| HOW TO COMPLETE THIS TASK |
The lines below must be transcribed exactly as given, with the images removed.

| INFORMATION SHOWN |
--------

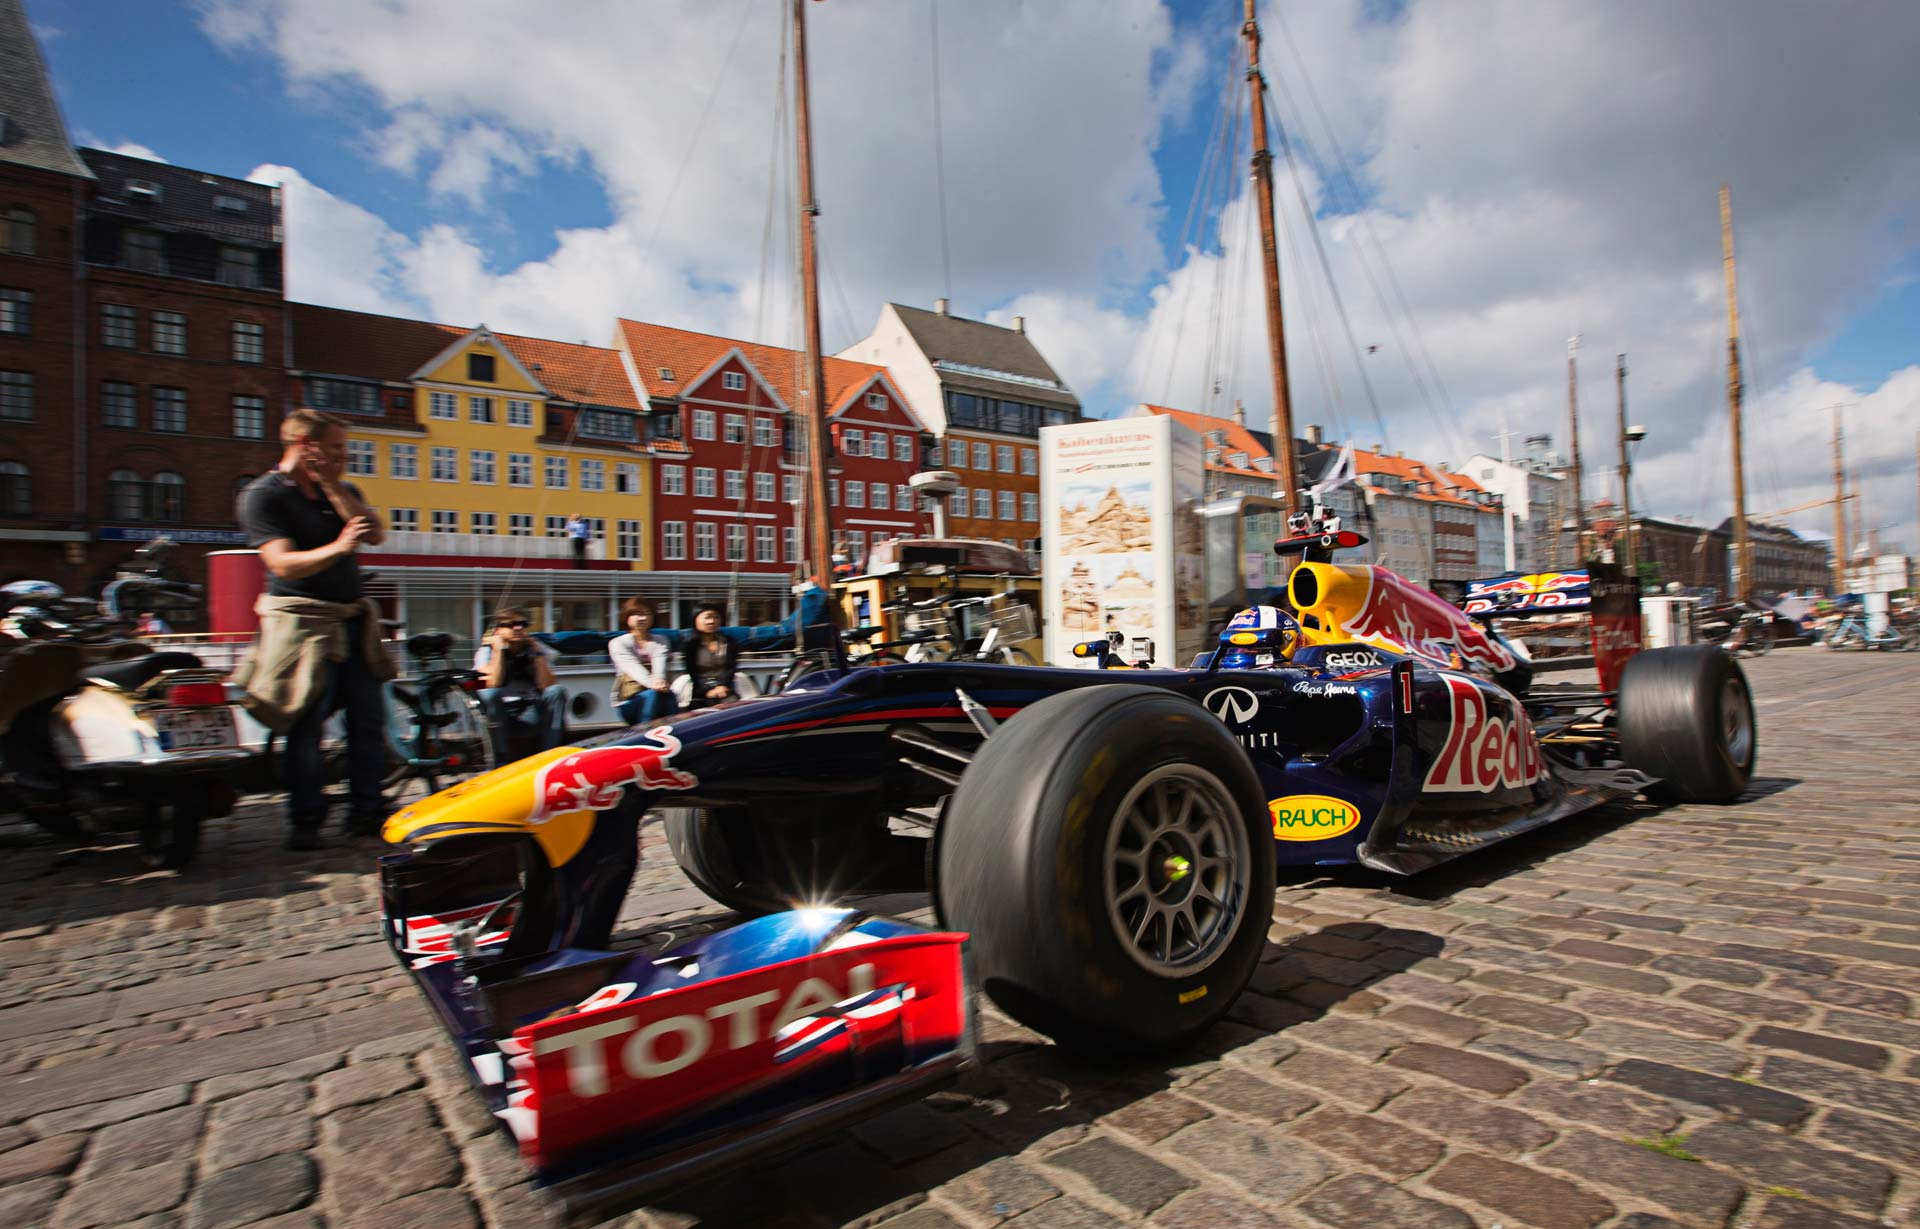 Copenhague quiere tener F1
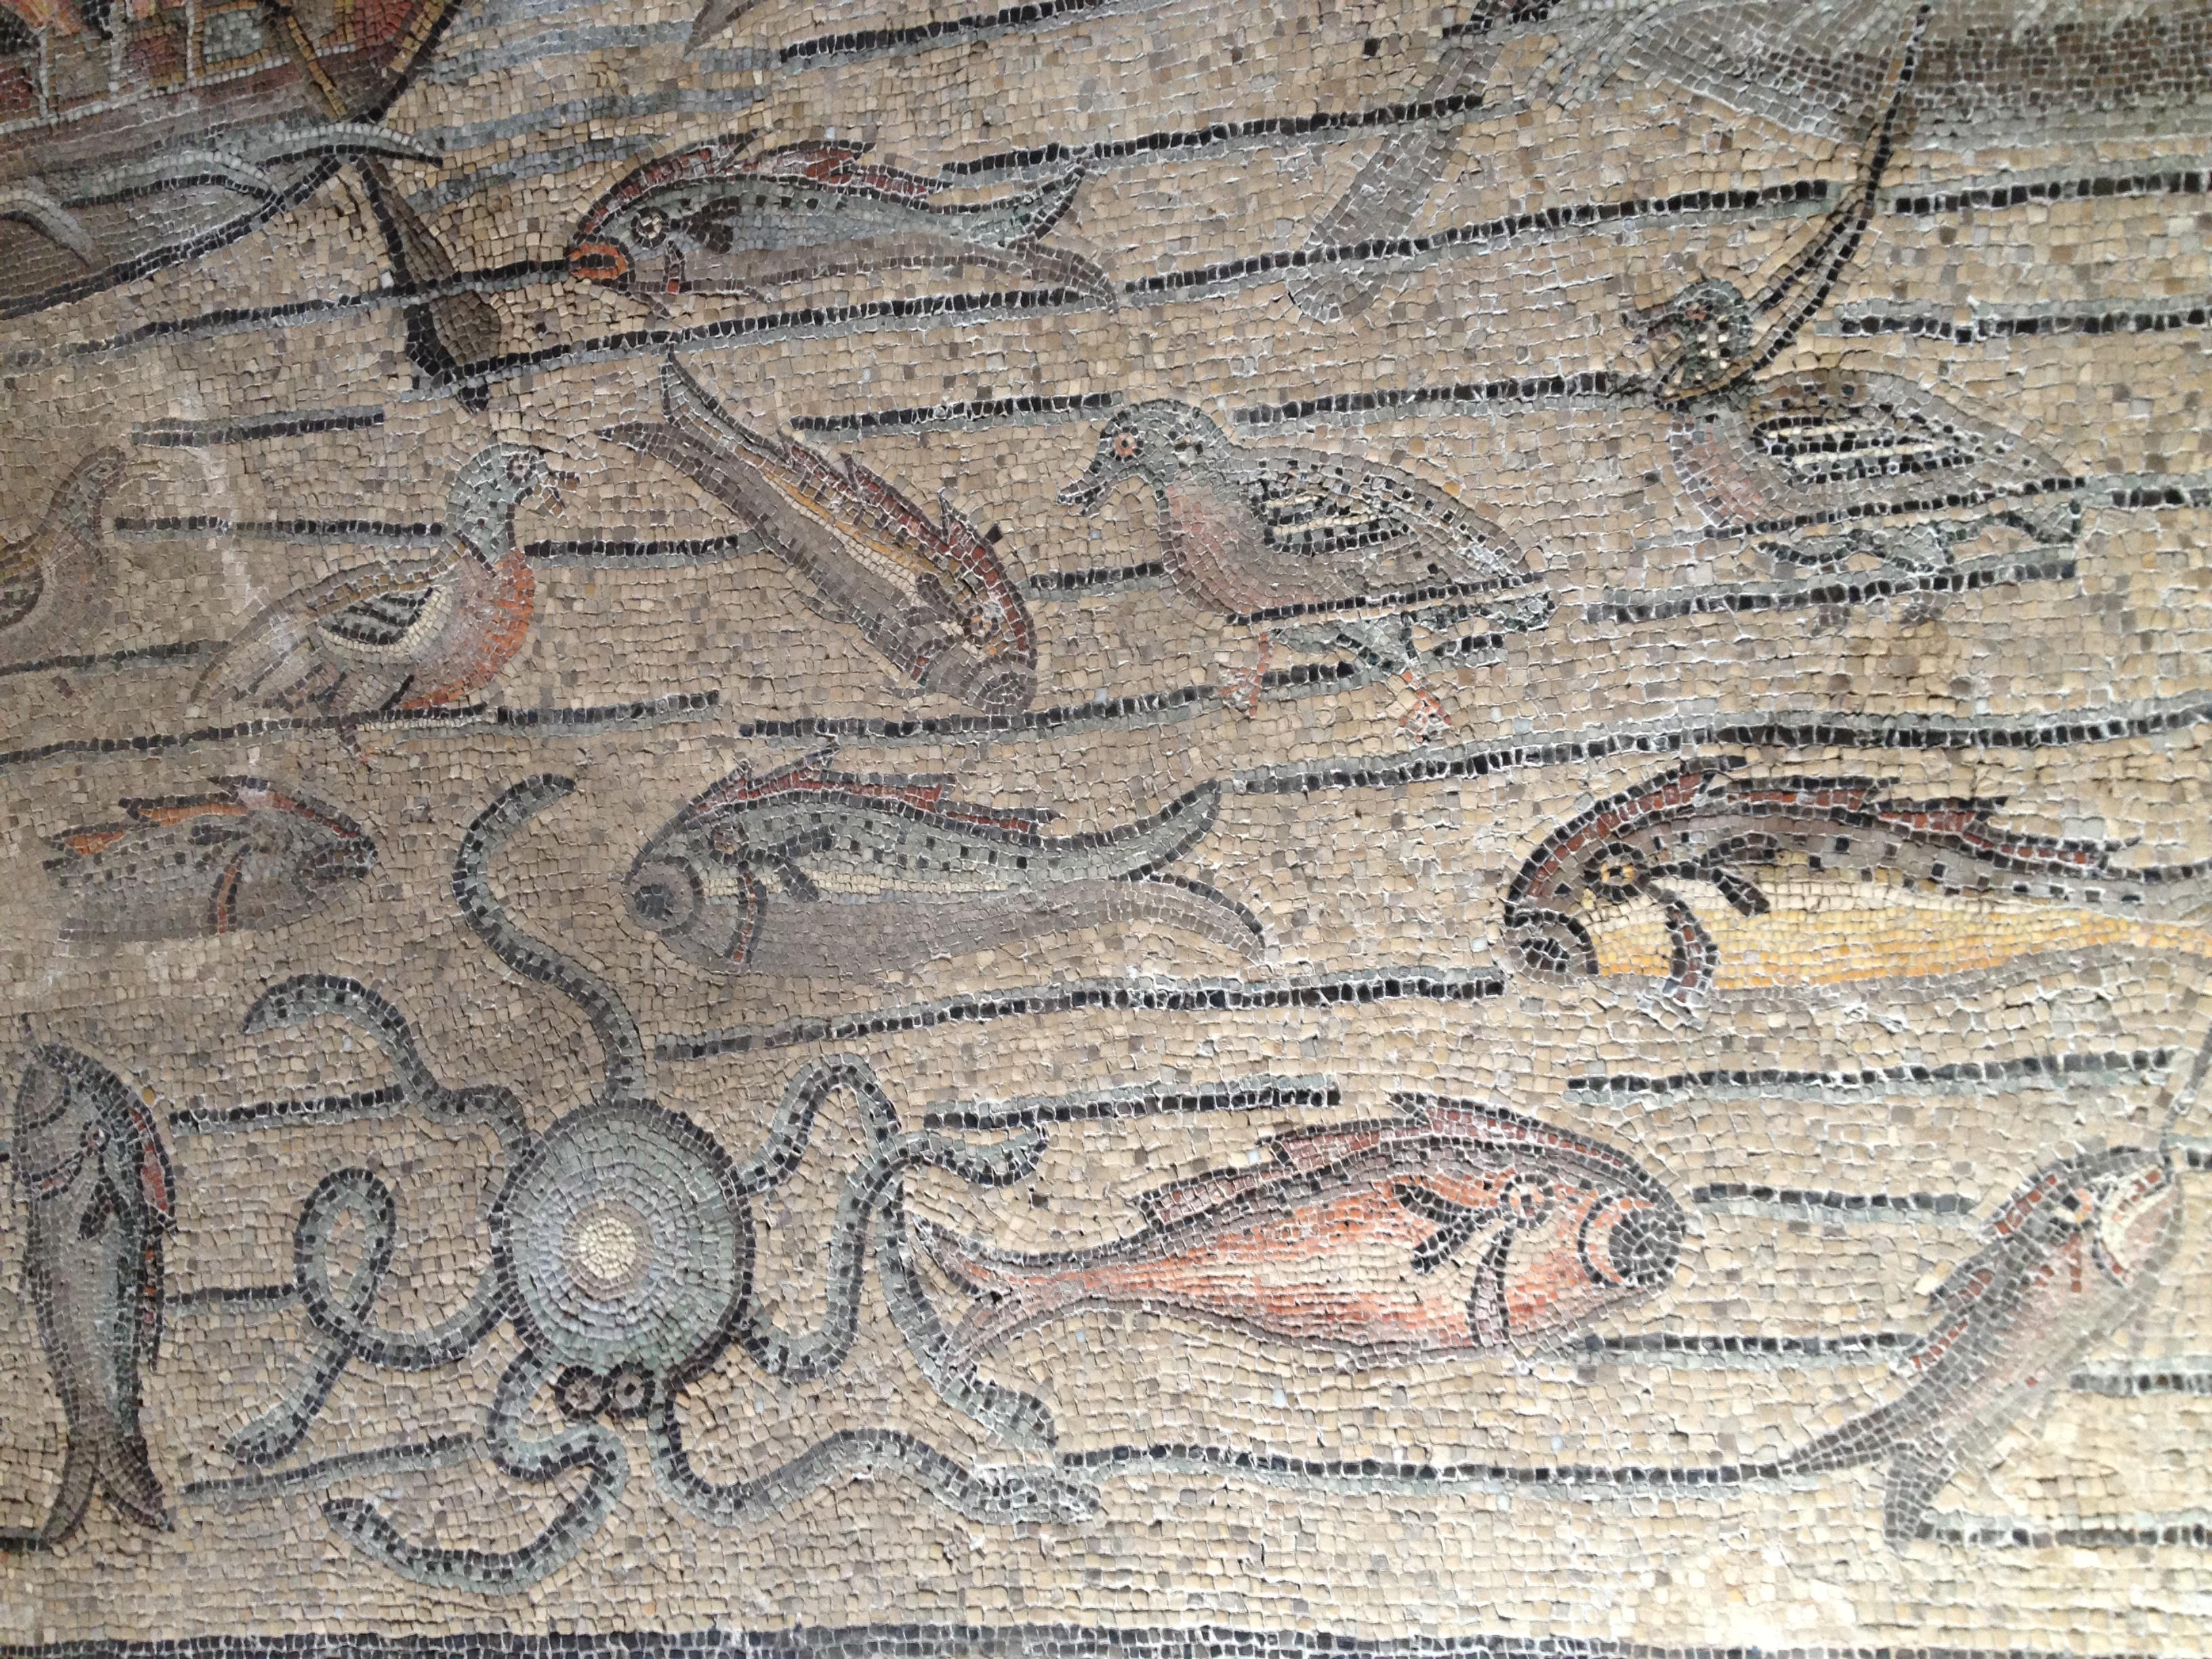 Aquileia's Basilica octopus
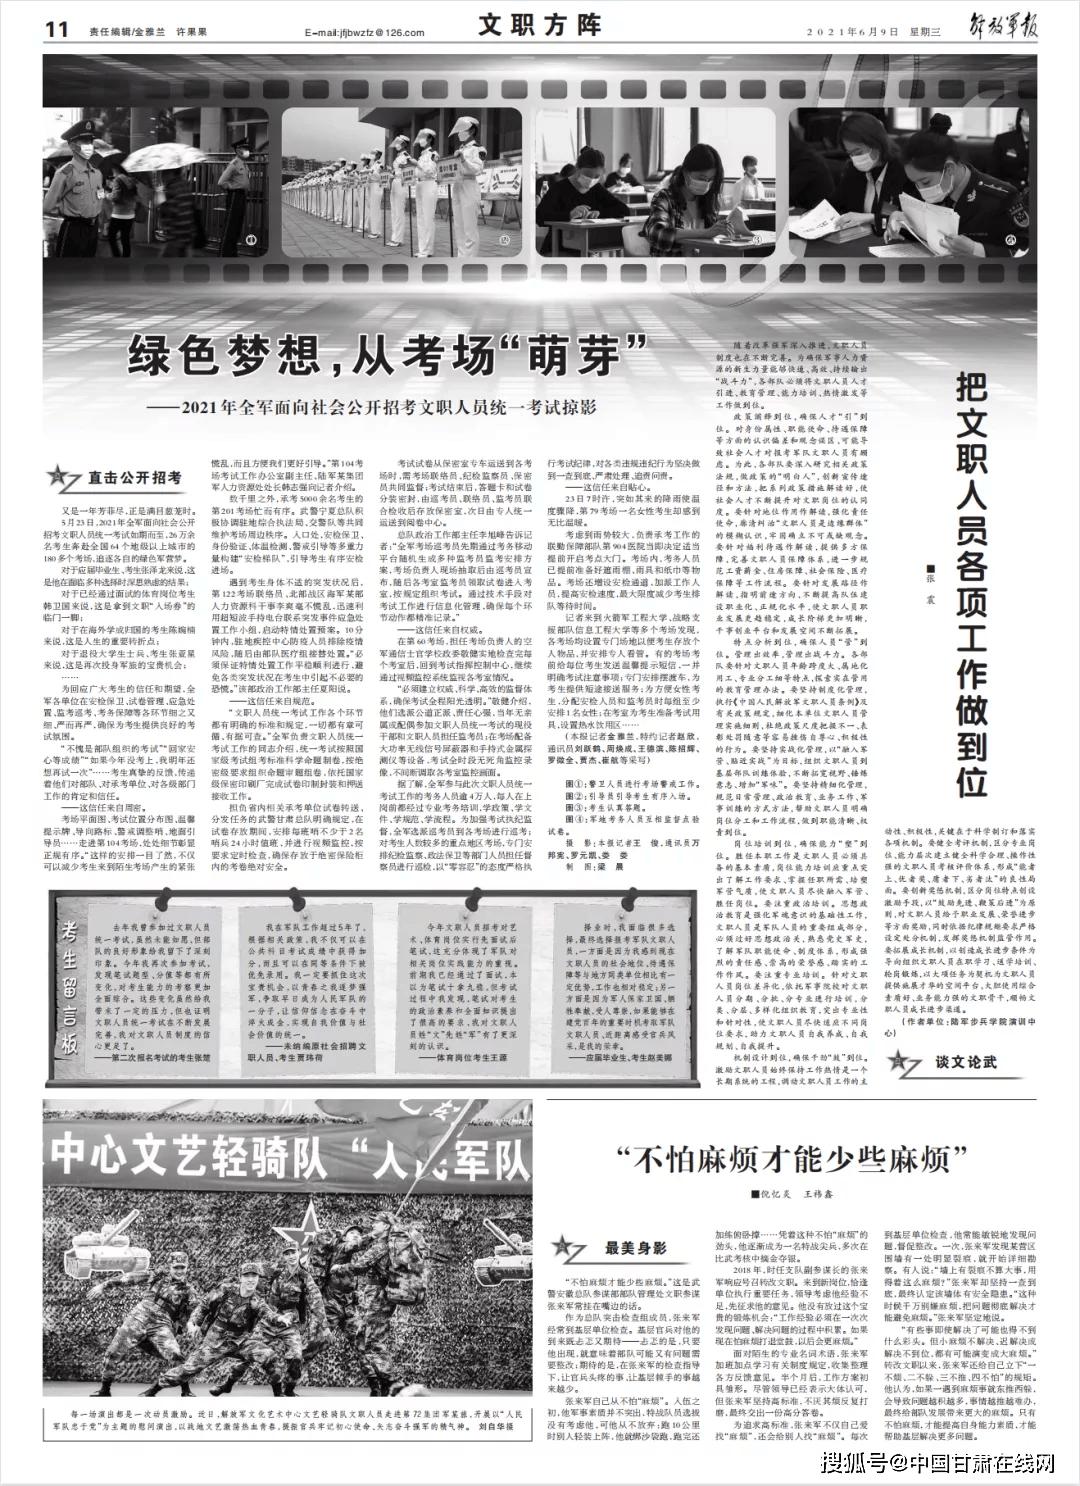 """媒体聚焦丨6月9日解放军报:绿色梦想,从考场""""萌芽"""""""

--------

| WORKED SOLUTION |
 Copenhague quiere tener F1
 Aquileia's Basilica octopus
 """媒体聚焦丨6月9日解放军报:绿色梦想,从考场""""萌芽"""""""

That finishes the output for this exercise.